Output, exactly as written, the lines below from the one that has "Info kuliner, HAPPY" through the one that has "Original Lp Guitar"; nothing else, and no pictures.

Records for this exercise –
Segment Open

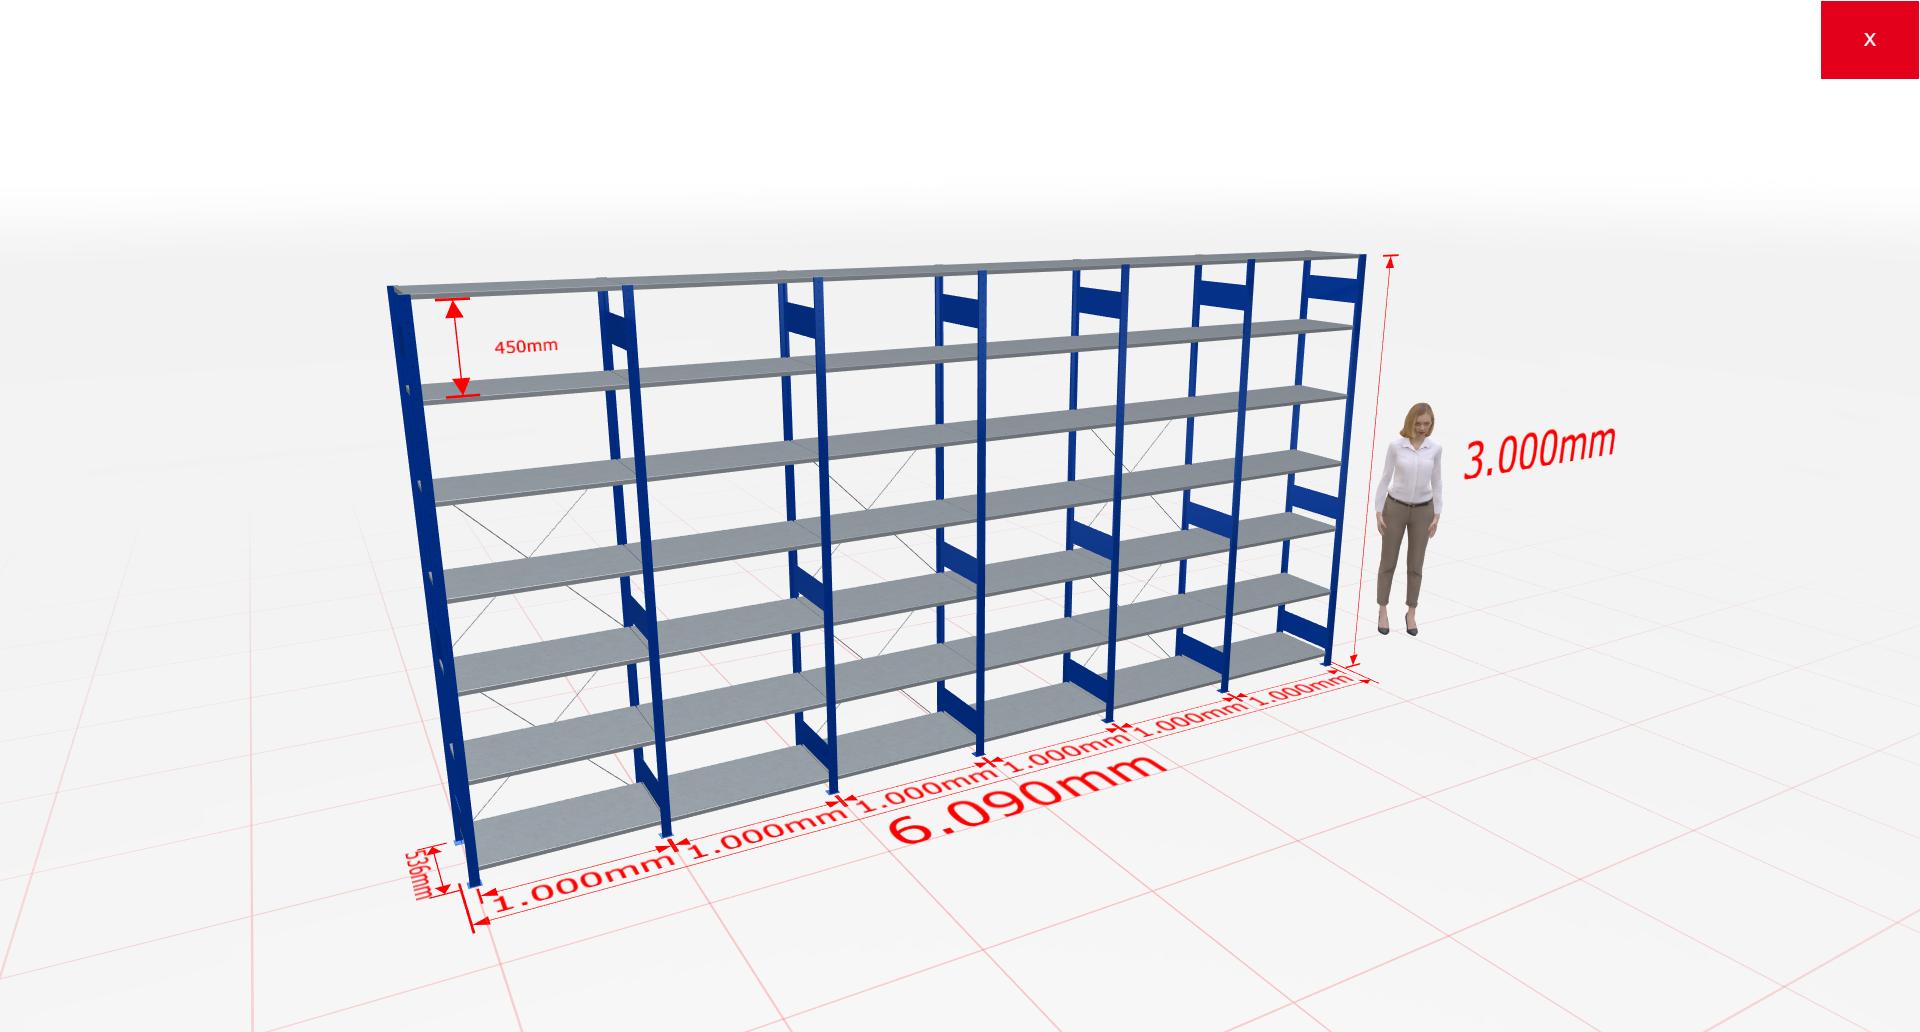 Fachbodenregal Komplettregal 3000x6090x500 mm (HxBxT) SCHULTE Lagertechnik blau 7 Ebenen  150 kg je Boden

Segment Closed
Segment Open

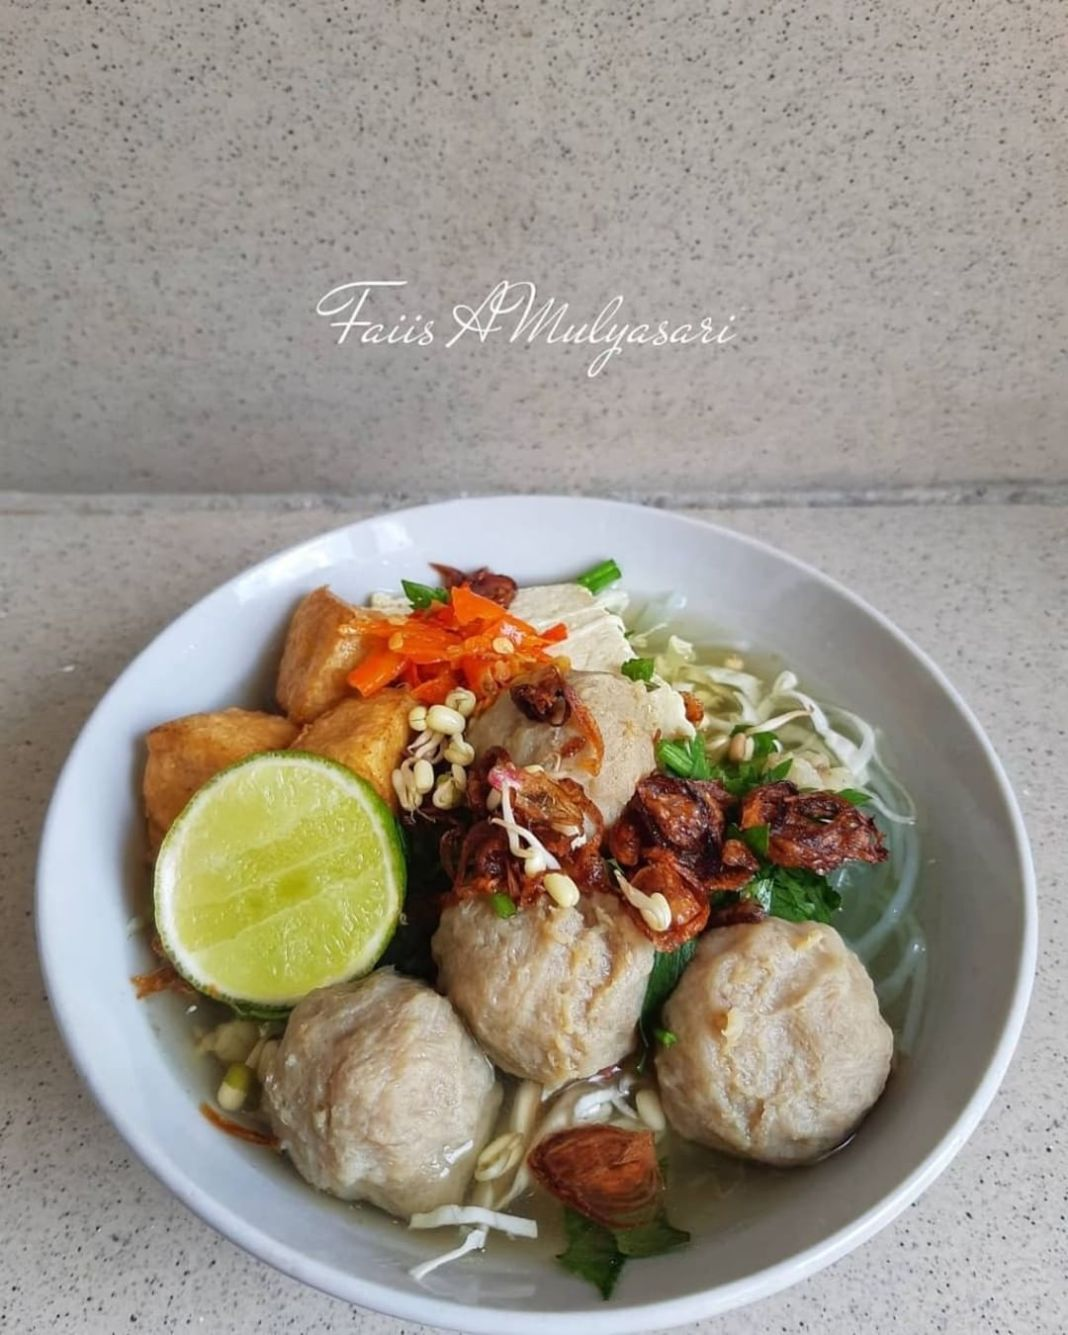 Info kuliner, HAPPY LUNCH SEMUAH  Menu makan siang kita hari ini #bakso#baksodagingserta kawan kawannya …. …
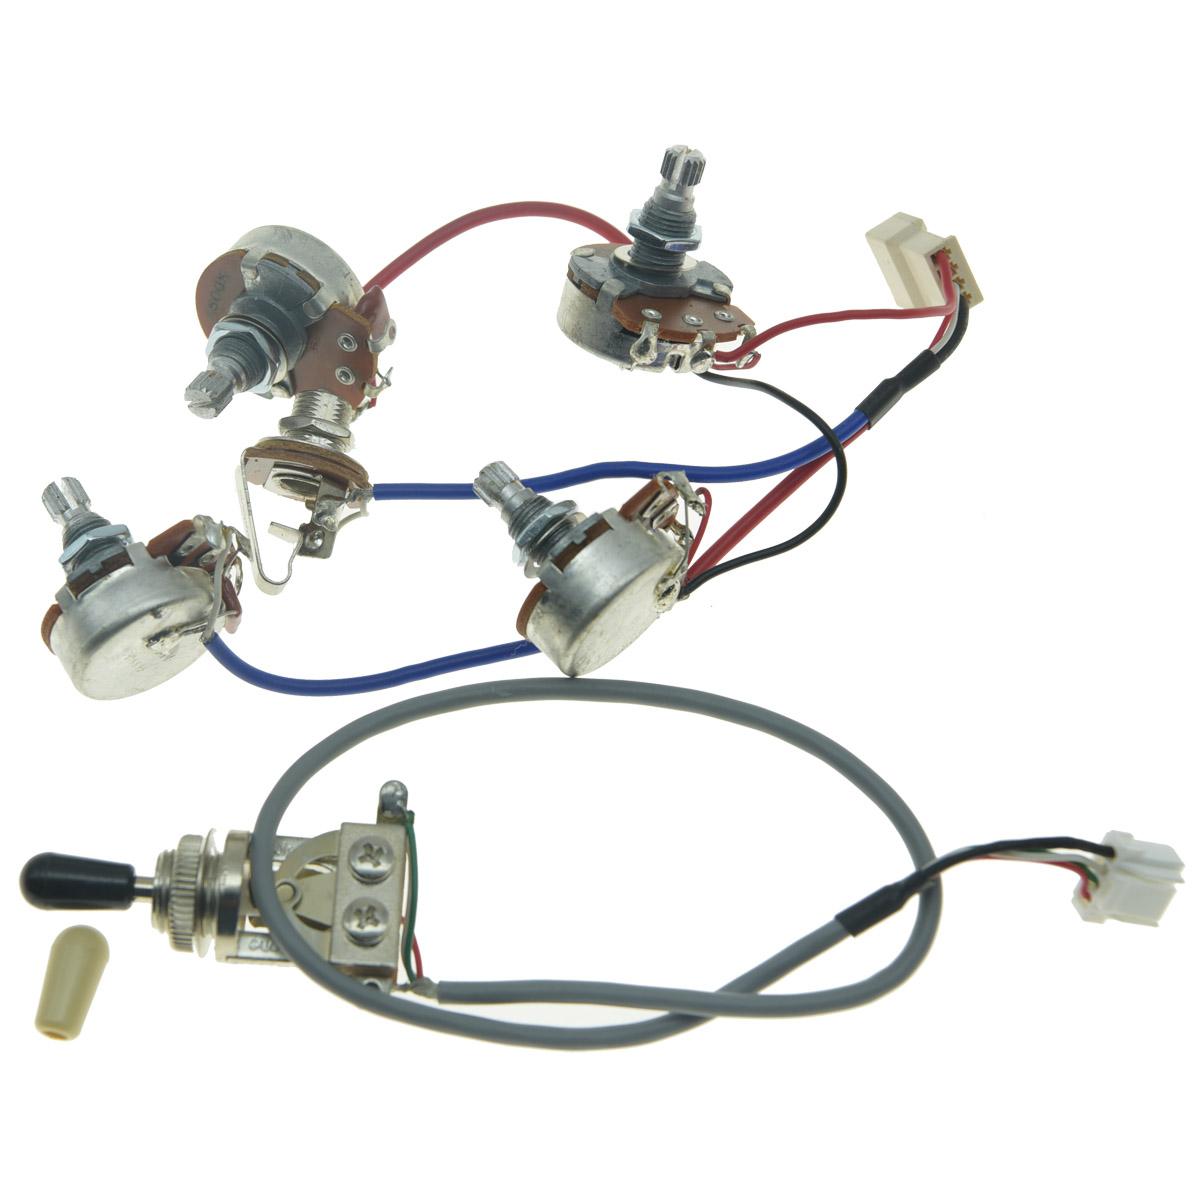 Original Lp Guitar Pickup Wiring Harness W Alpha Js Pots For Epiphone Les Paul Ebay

Segment Closed

Completed exercise –
 Info kuliner, HAPPY LUNCH SEMUAH  Menu makan siang kita hari ini #bakso#baksodagingserta kawan kawannya …. …
 Original Lp Guitar Pickup Wiring Harness W Alpha Js Pots For Epiphone Les Paul Ebay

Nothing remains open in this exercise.